Projects

Projects Last Updated in Third Year Undergrad. Please see my resume for updated list of projects!

I was part of the team competing in the International Ground Vehicles Competition 2018 and 2019. We developed a fully autonomous robot which could navigate lanes while avoiding obstacles and follow global navigation goal points. The project included lane detection(on unstructured environments), localization, controls and planning modules. We were the first to qualify amongst 40+ teams and secured runners up position in the final competition. (more)

8th Inter IIT Tech Meet, IIT Roorkee

I was part of IIT Kharagpur's 8th Inter IIT Tech Meet contingent. As part of the problem statement, we designed AAROHI, an Autonomous Terrace Farming robot which can climb stairs upto 40cm in height and undertake agricultural activities like plowing, seeding, harvesting and watering/pesticide spraying. My main involvement was in Mechanical Design of the climbing mechanism, and integrating the Planning and Controls Stack for the robot. After combined efforts of 12 people for 2 months we secured GOLD in our event and and the contingent secured 2nd among 20+ other IITs in the meet. (more)

Collaborating with AGV labs IIT Kharagpur, we built a prototype of a self driving car which runs inside our campus. Challenges included urban lane detection, system integration, vehicle localization, planning and trajectory optimization, urban feature detection and many more. The car chassis was provided by Mahindra with pre-installed drive-by-wire communication setup.

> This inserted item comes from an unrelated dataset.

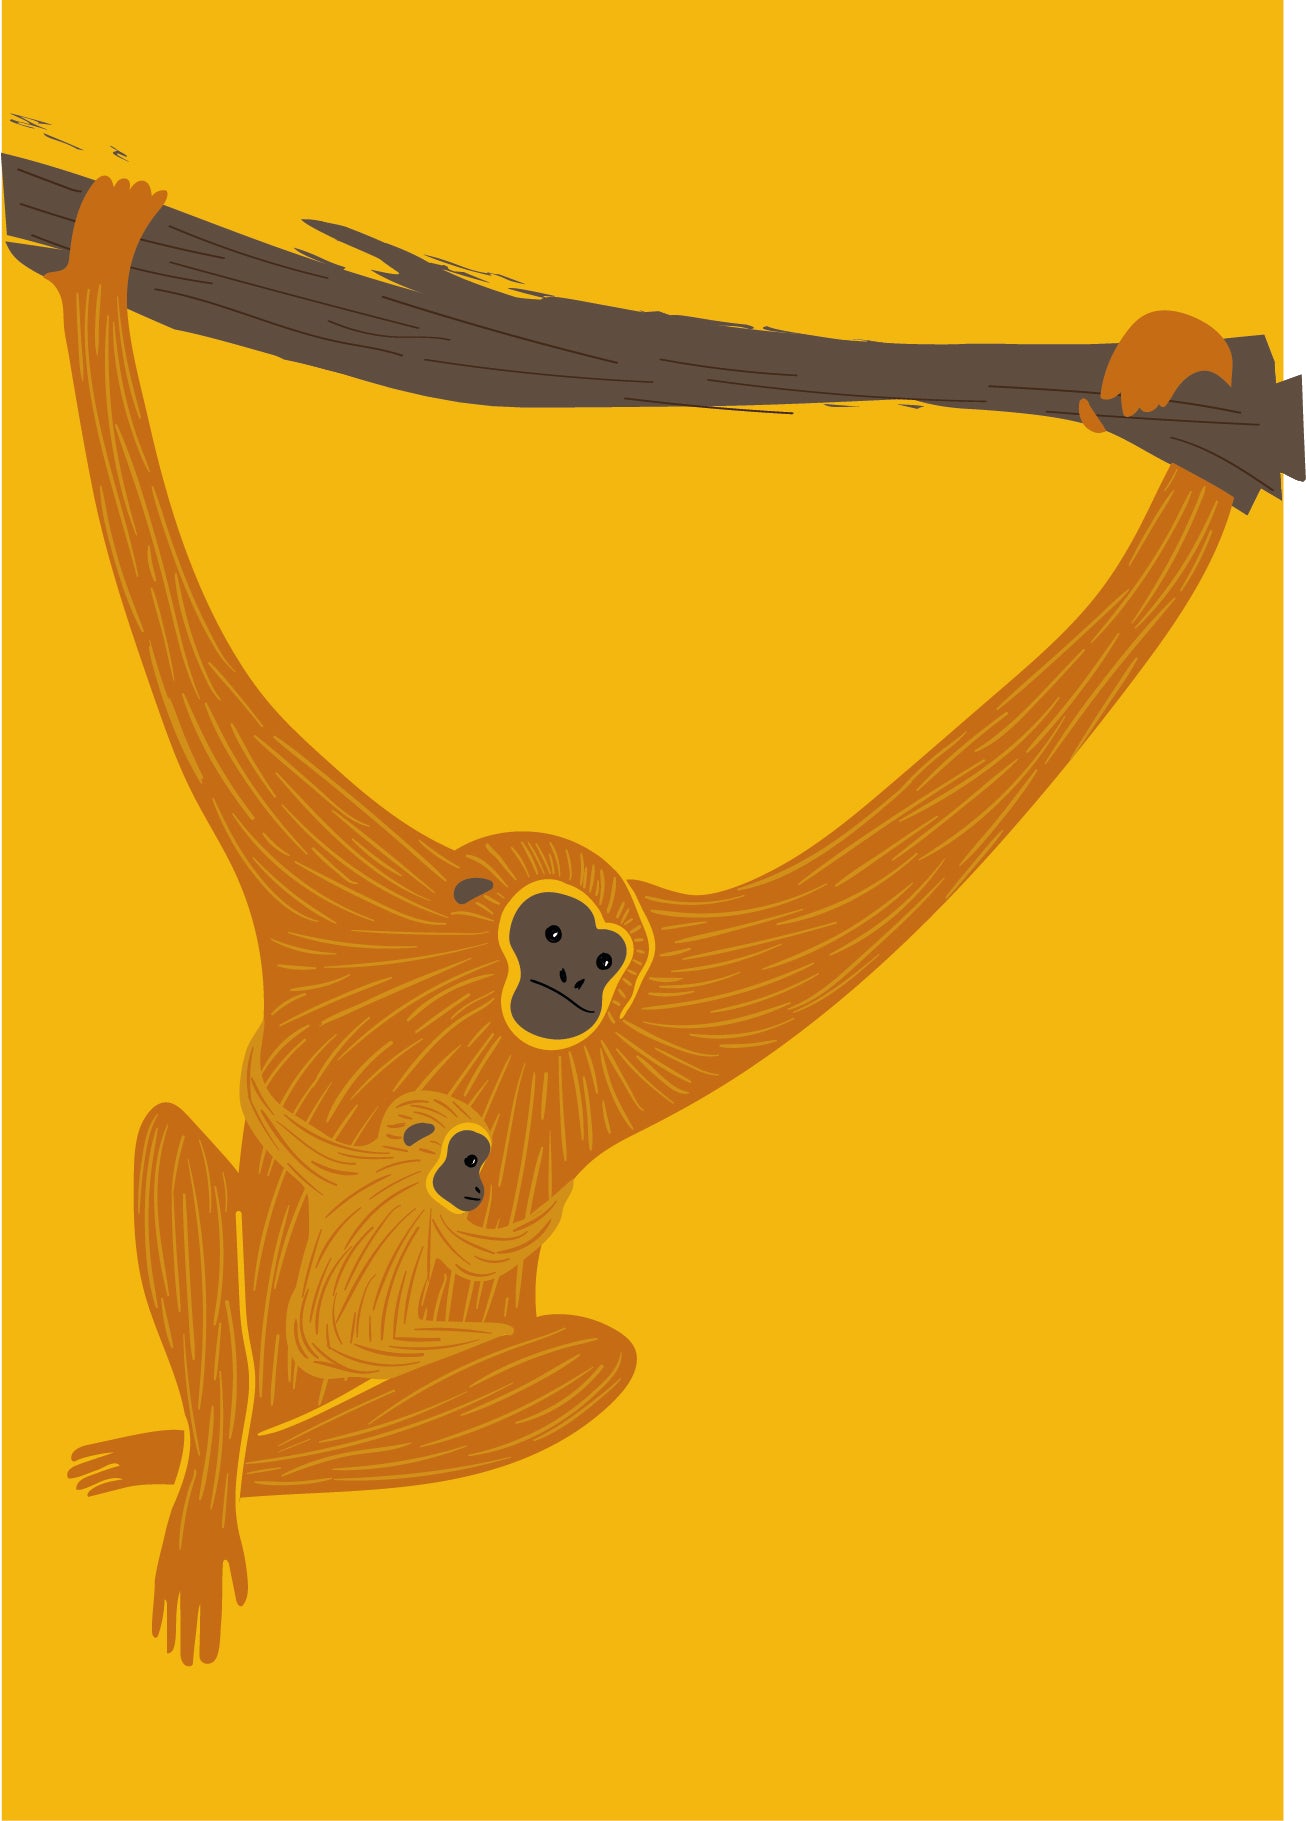 Mother gibbon with clinging baby gibbon on yellow background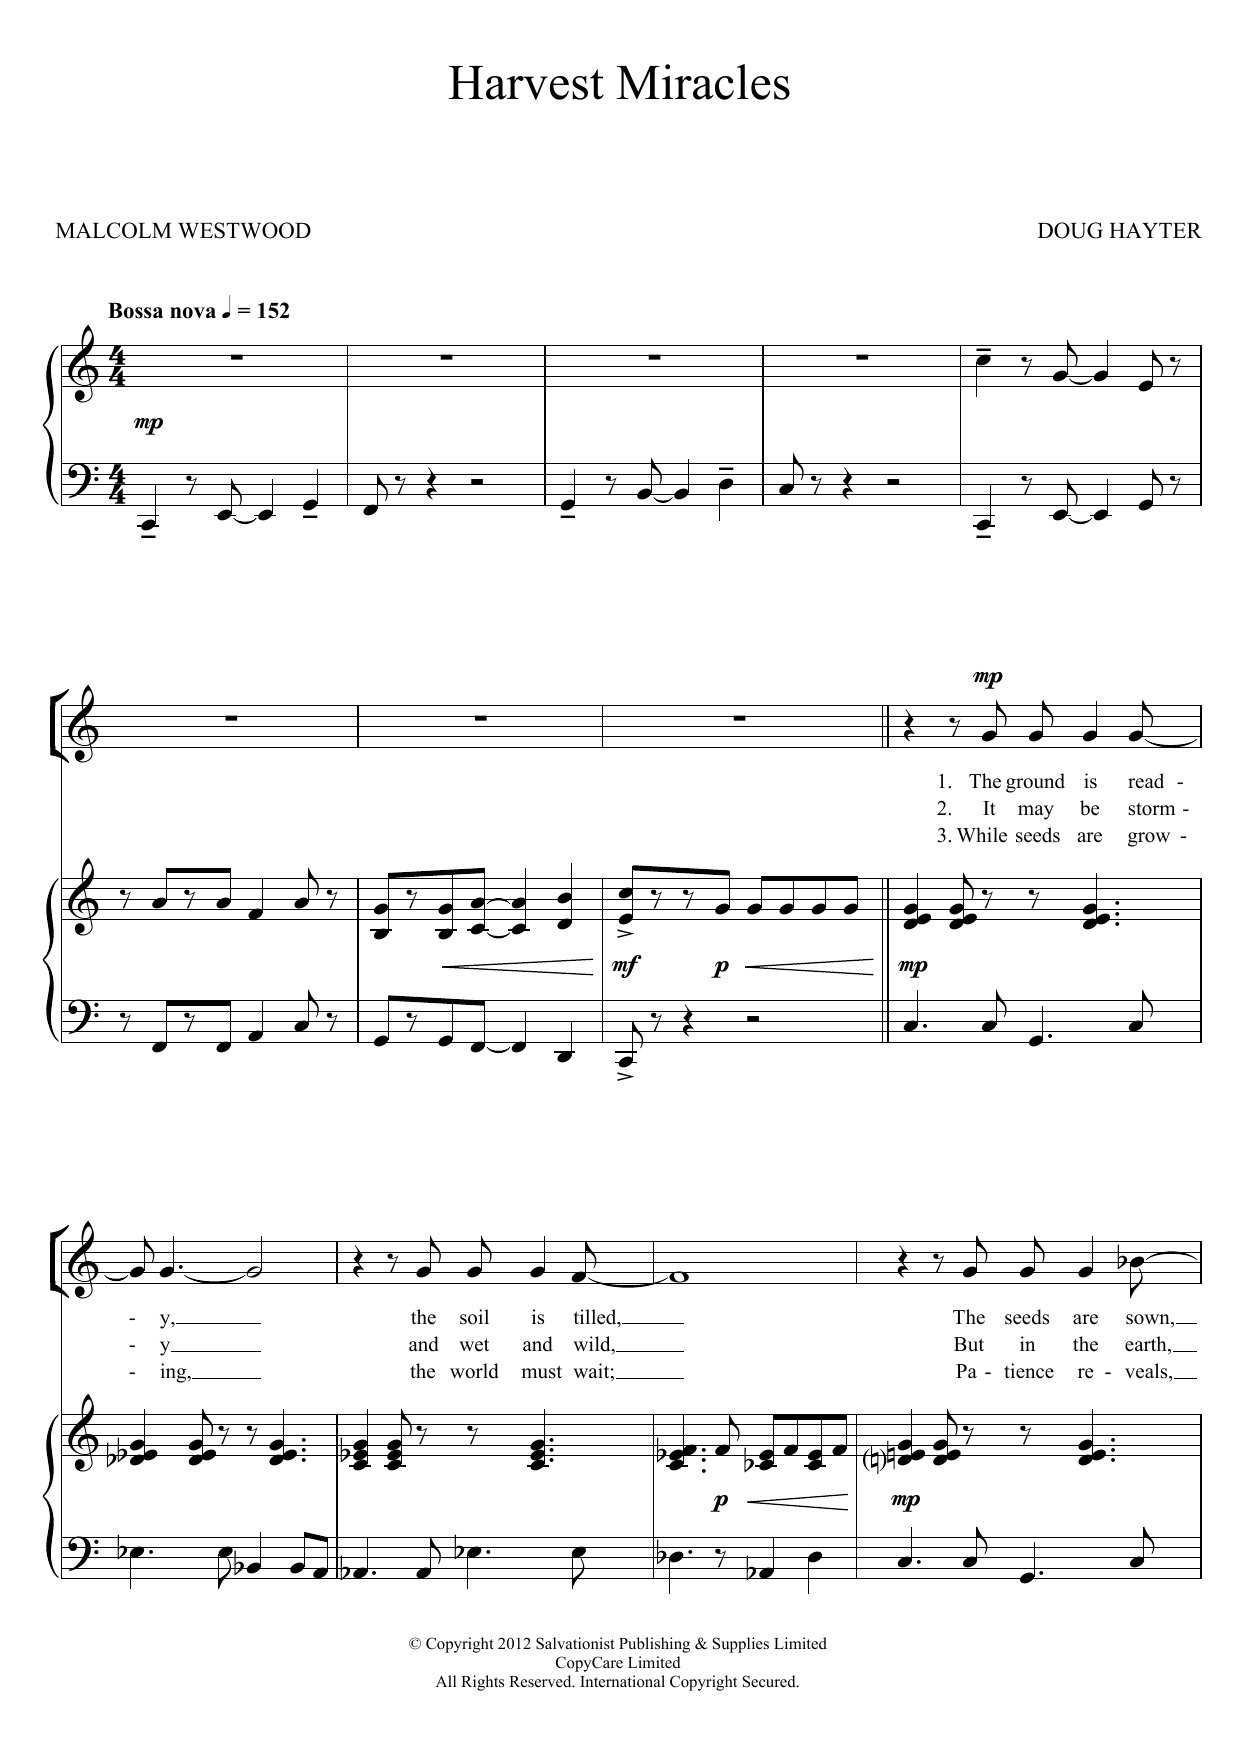 Download The Salvation Army Harvest Miracles Sheet Music

PATH TRACKING - IMPLEMENTING VARIOUS TRACKING ALGORITHMS

Geometric and model based control algorithms were developed and tested both on a simulation platform(gazebo) and Mahindra E2O. This module was integrated with the planning module for robust trajectory generation and tracking. Methods like pure pursuit, PID, stanley, LQR and MPC were implemented. We are currently working on implementing state of the art Learning MPC based controls for increased accuracy

LANE SEGMENTATION AND STOP-LINE DETECTION

Road feature extraction is one of the most important tasks to be performed for prototyping a self driving car. Feature based lane feature extraction and probabilistic lane fitting methods were used on an perspective transformed frame(top view) for lane detection. Principle component analysis and lateral clustering algorithms were used for stopline detection. Unscented kalman filter(UKF) based tracking was deployed to increase robustness

SYSTEM INTEGRATION ON HUSKY - SIMULATION AND REAL WORLD EXECUTION

Husky A200 is a rugged ground vehicle for rapid prototyping applications. Before deploying modules on Mahindra E20, All modules were tested on the A200 chasis. An onboard PC is connected to an external CPU via a static LAN network. Core modules run on the onboard PC while tasks requiring heavy processing are executed on the external CPU. GPS waypoing navigation, path tracking, path planning and vision modules have been tested on this chassis.

LANE MAPPING - CREATING A GPS TAGGED LANE MAP

To aid vision based lane detection and road segmentation algorithms, a GPS tagged lane map was created of the test area. The data was stored in a custom tree like data structure for quick retrieval during a live run. Using a combination of GPS, IMU, Encoders and Camera, nearby lane data was projected back onto the camera frame and fused with a real time detection algorithm to increase robustness of lane detection and drivable region identification.